Closed rl15 closed 4 years ago
Started receiving several Gateway timeout errors @ 17:04:41 in Sequencescape connecting to labware:
A RestClient::GatewayTimeout occurred in labwhere_receptions#create:
504 Gateway Timeout
lib/lab_where_client.rb:32:in `post'
These continues until 17:32
17:22 via slack (edited for formatting):
steve 17:21 Looks like we have a few network issues. Lots of error messages from sequencescape and labwhere about 504 gateway timeouts.

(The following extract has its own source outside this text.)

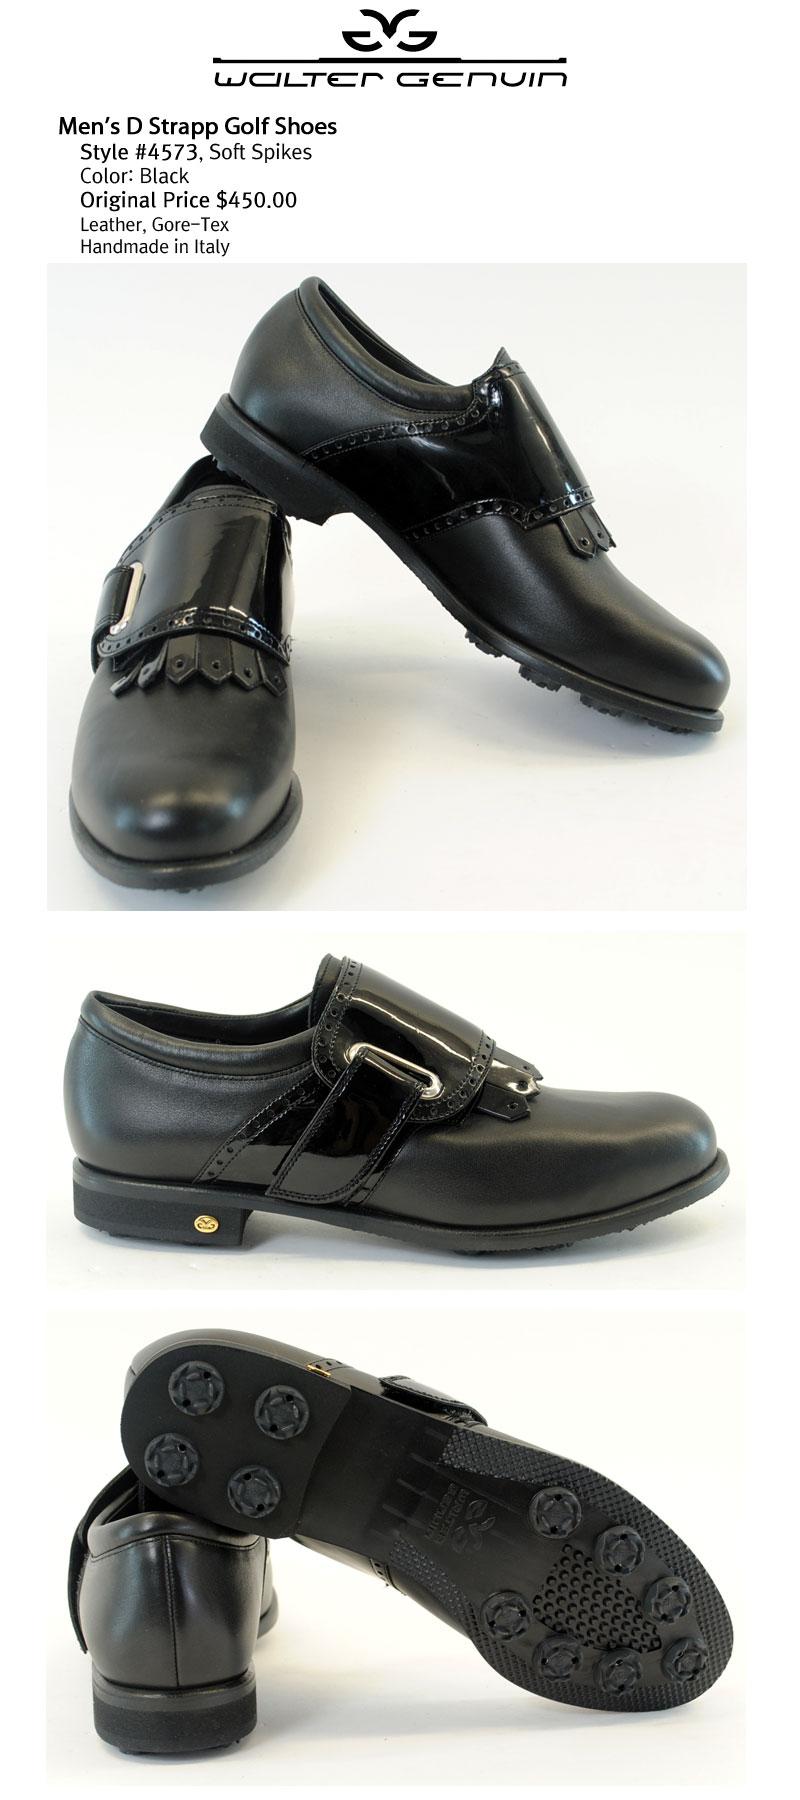 Walter Genuin Mens Golf Shoes

emr 17:22 apparently memory is almost full in both :neutral_face: 1
emr 17:41 memory back to normal :+1: 1
Also at 17:08 from Sequencescape
A RestClient::Exceptions::ReadTimeout occurred in labwhere_receptions#create:
Timed out reading data from server
lib/lab_where_client.rb:32:in `post'
-------------------------------
Request:
-------------------------------
* URL : http://***Redacted***/labwhere_receptions
* HTTP Method: POST
* IP address : ***Redacted***
* Parameters : {"utf8"=>"✓", "labwhere_reception"=>{"user_code"=>"***Redacted***", "location_barcode"=>"postmanpat", "barcodes"=>["***Redacted***"]}, "asset_scan"=>"", "commit"=>"Update locations", "controller"=>"labwhere_receptions", "action"=>"create"}
* Timestamp : 2020-07-22 17:08:26 +0100
* Server : ***Redacted***
* Rails root : /var/www/sequencescape/releases/20200716092302
* Process: 20968
Servers were restarted by @emrojo at 17.39
Monit resource limit alert @Jul 22 2020 17:04:28 loadavg(1min) of 6.9 matches resource limit [loadavg(1min) > 4.0]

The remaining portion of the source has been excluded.